PROBLEM REQUIREMENTS:
Go over the data below line by line, and state how many lines contain the string "Skirt". Give the number only.

- - -

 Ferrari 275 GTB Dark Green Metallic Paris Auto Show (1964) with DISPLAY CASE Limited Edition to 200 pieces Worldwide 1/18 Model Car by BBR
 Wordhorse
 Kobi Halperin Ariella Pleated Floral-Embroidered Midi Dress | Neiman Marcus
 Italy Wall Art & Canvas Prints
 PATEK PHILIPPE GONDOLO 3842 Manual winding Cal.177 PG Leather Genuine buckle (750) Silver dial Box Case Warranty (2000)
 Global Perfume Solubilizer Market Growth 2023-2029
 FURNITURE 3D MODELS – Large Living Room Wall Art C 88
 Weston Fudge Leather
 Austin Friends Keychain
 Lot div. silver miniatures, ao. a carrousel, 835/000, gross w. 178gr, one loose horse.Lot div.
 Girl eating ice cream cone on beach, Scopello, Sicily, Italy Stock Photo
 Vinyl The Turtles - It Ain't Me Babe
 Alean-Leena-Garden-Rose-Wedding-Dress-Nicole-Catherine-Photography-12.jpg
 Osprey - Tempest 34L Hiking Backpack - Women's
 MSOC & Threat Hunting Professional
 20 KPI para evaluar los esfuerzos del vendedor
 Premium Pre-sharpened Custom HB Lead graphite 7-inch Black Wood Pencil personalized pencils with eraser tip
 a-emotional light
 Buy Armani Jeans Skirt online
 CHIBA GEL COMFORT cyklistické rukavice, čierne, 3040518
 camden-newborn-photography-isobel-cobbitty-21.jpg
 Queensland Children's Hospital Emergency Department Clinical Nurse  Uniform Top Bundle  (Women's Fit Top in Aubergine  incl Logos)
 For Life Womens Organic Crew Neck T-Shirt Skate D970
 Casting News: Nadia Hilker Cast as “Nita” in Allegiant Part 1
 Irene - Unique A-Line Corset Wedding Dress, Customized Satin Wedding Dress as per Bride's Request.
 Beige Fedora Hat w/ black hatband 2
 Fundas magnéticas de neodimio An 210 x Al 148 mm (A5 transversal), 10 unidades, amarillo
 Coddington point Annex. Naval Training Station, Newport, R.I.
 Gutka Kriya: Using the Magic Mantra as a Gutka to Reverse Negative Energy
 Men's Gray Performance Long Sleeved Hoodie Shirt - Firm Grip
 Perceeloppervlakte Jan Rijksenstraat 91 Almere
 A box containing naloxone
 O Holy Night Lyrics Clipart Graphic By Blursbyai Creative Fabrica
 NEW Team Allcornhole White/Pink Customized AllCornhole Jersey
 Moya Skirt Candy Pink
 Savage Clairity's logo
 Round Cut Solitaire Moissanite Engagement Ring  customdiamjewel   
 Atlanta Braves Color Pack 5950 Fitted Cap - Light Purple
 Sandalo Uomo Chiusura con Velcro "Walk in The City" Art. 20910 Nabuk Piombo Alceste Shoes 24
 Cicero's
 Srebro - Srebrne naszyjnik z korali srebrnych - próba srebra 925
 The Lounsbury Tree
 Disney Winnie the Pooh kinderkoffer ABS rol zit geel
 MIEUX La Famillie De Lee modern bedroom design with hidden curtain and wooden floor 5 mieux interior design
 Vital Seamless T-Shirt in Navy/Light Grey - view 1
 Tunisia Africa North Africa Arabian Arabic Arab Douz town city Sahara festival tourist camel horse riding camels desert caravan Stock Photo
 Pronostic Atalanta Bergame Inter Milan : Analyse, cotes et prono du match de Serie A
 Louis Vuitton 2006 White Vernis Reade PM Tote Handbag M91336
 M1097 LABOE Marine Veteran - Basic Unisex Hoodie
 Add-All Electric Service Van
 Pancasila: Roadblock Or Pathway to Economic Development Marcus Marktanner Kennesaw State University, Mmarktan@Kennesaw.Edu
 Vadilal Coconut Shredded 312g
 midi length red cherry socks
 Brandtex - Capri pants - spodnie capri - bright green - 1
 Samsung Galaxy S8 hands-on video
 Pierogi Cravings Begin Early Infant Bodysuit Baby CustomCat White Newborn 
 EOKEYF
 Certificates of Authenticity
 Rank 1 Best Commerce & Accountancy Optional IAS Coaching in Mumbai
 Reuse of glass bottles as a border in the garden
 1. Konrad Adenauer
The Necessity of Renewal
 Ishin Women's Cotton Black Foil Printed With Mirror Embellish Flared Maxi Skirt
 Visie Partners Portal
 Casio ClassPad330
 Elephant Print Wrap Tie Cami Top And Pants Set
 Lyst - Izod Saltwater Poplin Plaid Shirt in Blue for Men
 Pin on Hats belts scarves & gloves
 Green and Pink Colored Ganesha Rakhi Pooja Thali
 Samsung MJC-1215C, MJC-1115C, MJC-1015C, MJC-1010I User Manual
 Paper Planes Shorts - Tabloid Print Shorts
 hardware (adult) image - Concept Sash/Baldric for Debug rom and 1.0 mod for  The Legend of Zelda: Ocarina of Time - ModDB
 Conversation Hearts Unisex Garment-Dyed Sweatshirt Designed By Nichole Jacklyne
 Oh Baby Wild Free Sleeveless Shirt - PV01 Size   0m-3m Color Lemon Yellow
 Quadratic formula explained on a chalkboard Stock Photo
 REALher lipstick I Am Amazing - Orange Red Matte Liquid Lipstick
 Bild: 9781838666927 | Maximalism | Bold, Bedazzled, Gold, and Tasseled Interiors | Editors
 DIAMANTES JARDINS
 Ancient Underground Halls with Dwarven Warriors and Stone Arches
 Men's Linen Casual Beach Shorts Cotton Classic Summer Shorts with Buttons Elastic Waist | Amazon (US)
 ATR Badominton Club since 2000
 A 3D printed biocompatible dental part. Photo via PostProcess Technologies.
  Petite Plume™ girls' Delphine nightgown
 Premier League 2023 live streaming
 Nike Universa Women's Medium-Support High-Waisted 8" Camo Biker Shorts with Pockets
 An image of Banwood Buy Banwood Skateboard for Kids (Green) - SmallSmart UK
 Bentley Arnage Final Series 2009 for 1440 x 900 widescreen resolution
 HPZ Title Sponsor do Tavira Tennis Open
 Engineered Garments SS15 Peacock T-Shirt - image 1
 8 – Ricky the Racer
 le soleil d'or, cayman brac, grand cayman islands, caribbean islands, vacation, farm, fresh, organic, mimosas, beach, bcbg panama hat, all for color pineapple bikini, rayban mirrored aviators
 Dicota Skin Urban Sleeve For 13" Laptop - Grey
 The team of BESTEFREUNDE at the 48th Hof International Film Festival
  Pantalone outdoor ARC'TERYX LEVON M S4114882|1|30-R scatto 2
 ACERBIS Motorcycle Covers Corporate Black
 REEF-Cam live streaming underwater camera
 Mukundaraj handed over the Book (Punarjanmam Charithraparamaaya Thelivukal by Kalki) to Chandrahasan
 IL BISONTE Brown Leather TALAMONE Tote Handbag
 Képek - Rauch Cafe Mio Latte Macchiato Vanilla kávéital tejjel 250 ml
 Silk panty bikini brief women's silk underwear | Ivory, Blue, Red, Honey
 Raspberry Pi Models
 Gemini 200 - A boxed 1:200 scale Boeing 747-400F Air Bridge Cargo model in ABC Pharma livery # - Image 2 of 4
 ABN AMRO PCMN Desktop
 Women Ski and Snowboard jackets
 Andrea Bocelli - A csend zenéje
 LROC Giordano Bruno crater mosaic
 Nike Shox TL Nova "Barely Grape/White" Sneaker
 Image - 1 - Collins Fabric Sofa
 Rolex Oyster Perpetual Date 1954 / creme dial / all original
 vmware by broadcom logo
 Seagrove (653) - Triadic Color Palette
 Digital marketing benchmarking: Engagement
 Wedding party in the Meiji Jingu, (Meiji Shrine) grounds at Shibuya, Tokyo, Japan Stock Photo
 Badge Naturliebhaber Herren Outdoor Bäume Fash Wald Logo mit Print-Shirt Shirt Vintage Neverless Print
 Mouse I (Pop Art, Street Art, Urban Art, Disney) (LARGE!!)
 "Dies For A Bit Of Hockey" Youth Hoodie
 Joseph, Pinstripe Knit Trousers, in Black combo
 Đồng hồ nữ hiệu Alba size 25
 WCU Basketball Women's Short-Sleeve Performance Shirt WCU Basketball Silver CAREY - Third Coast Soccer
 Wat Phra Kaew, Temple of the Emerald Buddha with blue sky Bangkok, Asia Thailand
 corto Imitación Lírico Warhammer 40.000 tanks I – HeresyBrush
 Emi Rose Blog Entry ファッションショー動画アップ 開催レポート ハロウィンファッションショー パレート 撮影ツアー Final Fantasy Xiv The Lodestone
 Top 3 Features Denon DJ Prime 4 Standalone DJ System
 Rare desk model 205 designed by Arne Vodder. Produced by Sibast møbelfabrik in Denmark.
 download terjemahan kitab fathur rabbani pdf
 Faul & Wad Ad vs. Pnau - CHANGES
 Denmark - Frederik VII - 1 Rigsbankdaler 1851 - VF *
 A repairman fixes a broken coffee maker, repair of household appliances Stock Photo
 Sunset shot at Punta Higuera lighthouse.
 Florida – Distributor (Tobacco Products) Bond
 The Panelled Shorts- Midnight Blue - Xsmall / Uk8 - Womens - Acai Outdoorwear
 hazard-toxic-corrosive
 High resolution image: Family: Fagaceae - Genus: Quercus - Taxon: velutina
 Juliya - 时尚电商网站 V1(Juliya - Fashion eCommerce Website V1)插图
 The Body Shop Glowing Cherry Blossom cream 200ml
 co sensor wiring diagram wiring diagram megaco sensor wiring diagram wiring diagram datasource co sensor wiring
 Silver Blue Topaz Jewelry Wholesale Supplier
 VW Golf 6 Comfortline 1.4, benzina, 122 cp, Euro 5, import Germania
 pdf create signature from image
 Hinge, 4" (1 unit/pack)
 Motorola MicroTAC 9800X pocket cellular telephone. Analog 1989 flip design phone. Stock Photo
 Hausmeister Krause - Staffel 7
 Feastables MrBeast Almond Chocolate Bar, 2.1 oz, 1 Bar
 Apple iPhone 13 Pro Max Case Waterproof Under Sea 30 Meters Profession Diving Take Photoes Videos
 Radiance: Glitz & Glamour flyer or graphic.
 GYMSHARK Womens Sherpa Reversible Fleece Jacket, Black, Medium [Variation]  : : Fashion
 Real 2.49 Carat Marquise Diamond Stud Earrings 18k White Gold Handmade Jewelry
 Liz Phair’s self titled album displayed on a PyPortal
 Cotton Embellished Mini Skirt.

- - -

REPLY:
4